Time Period3 Months [change]
DirectionMoves Together 
StrengthWeak
Accuracy28.57%
ValuesDaily Returns

Gitlab Inc  vs.  ZoomInfo Technologies

 Performance 
       Timeline  
Gitlab Inc 

Risk-Adjusted Performance

Weakest

 
Weak
 
Strong
Over the last 90 days Gitlab Inc has generated negative risk-adjusted returns adding no value to investors with long positions. Despite weak performance in the last few months, the Stock's essential indicators remain somewhat strong which may send shares a bit higher in September 2025. The current disturbance may also be a sign of long term up-swing for the company investors.
ZoomInfo Technologies 

Risk-Adjusted Performance

Weakest

 
Weak
 
Strong
Over the last 90 days ZoomInfo Technologies has generated negative risk-adjusted returns adding no value to investors with long positions. Despite latest weak performance, the Stock's forward indicators remain strong and the recent confusion on Wall Street may also be a sign of long-lasting gains for the firm traders.

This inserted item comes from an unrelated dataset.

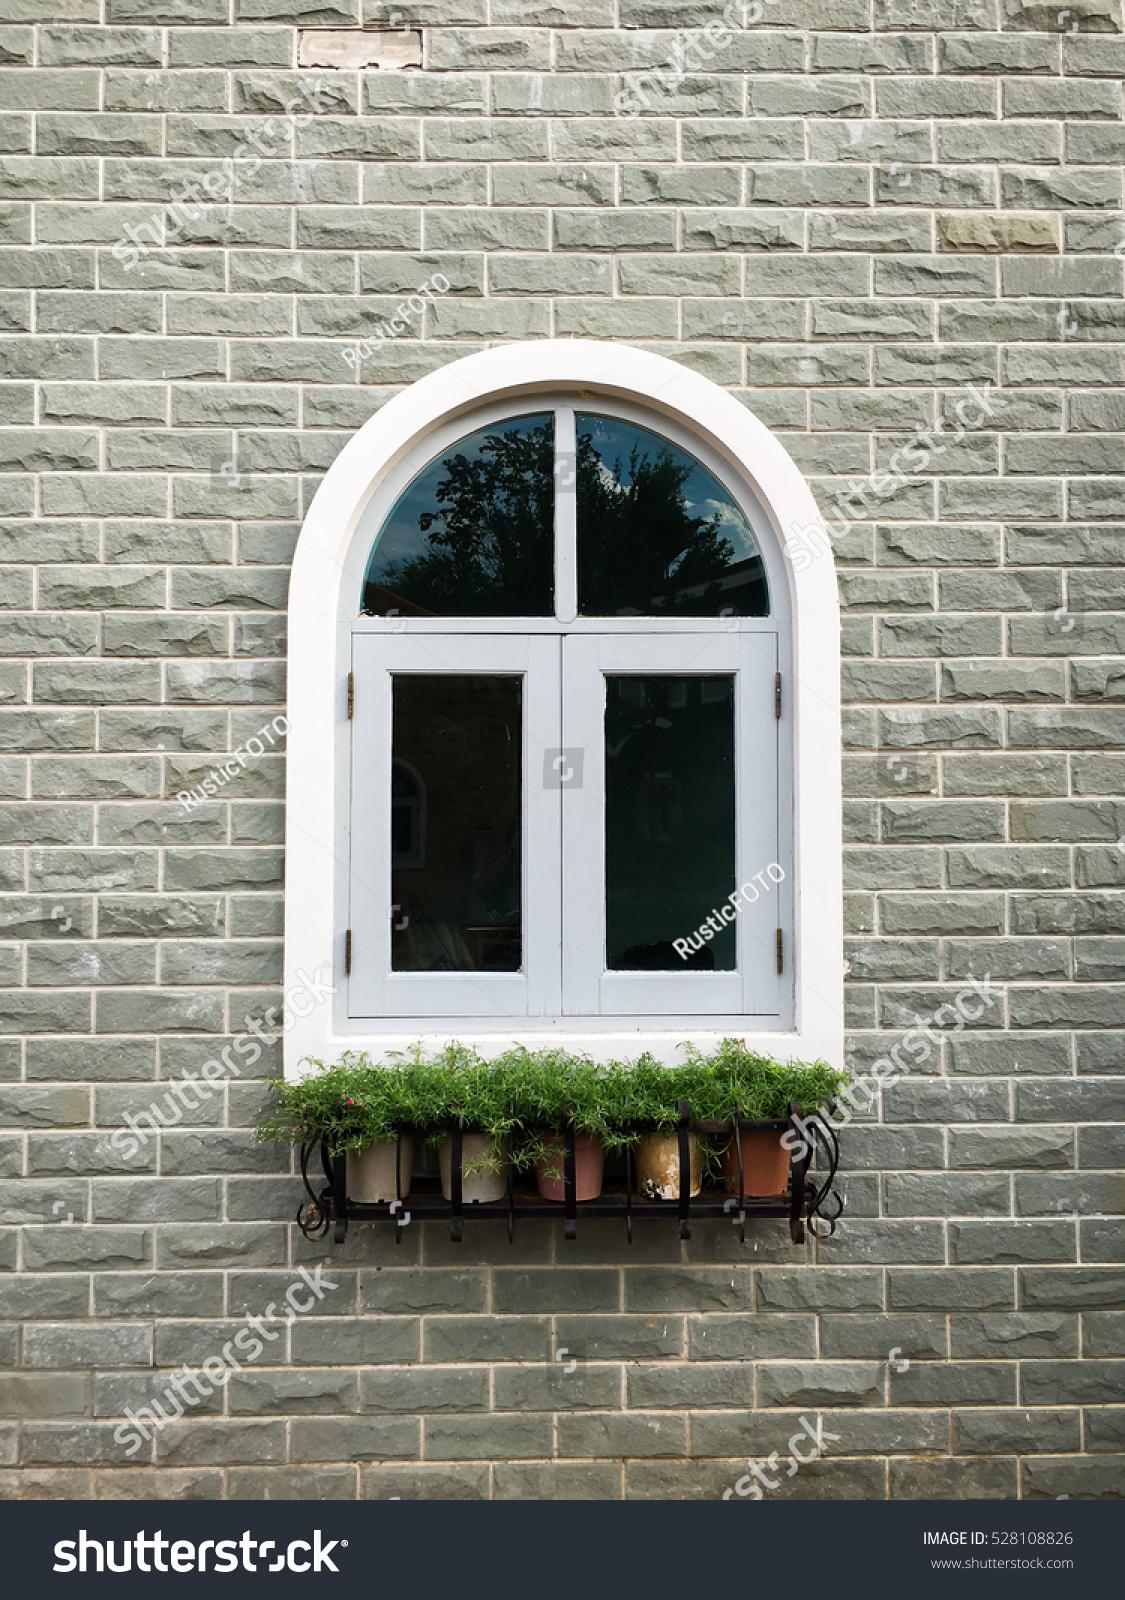 European style window brick wall background stock photo for European style windows
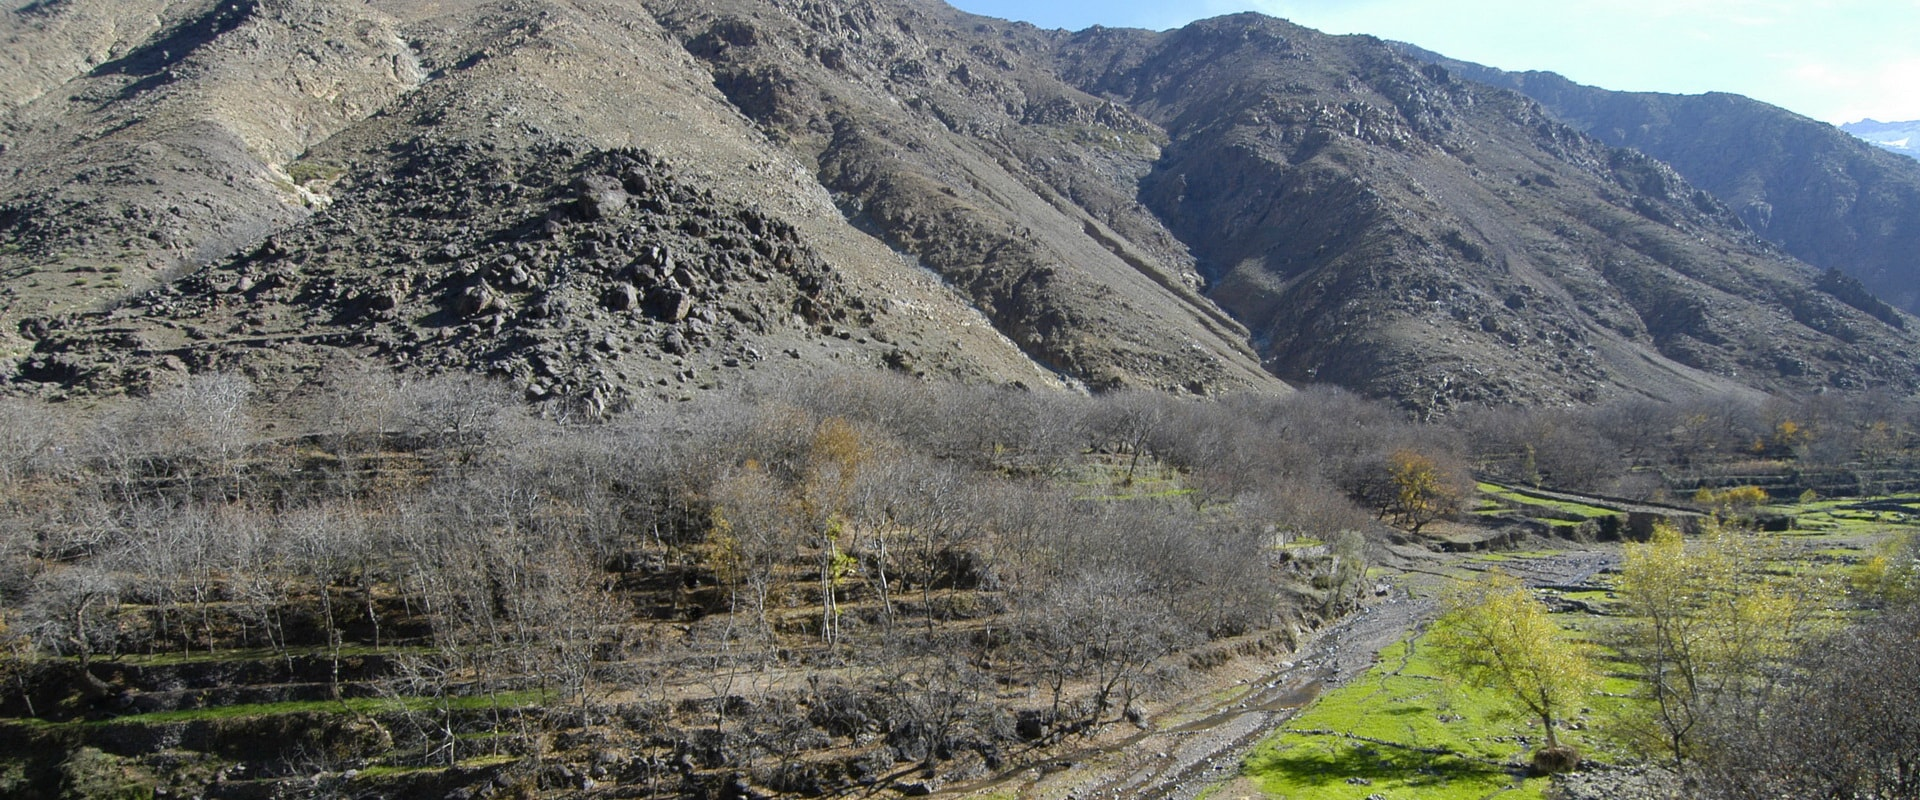 Voyages Expeditions Maroc - excursion vallee d'imlil en famille

Gitlab and ZoomInfo Technologies Volatility Contrast

   Predicted Return Density   
       Returns  

Pair Trading with Gitlab and ZoomInfo Technologies

The main advantage of trading using opposite Gitlab and ZoomInfo Technologies positions is that it hedges away some unsystematic risk. Because of two separate transactions, even if Gitlab position performs unexpectedly, ZoomInfo Technologies can make up some of the losses. Pair trading also minimizes risk from directional movements in the market. For example, if an entire industry or sector drops because of unexpected headlines, the short position in ZoomInfo Technologies will offset losses from the drop in ZoomInfo Technologies' long position.
The idea behind Gitlab Inc and ZoomInfo Technologies pairs trading is to make the combined position market-neutral, meaning the overall market's direction will not affect its win or loss (or potential downside or upside). This can be achieved by designing a pairs trade with two highly correlated stocks or equities that operate in a similar space or sector, making it possible to obtain profits through simple and relatively low-risk investment.
Check out your portfolio center.
Note that this page's information should be used as a complementary analysis to find the right mix of equity instruments to add to your existing portfolios or create a brand new portfolio. You can also try the Price Exposure Probability module to analyze equity upside and downside potential for a given time horizon across multiple markets.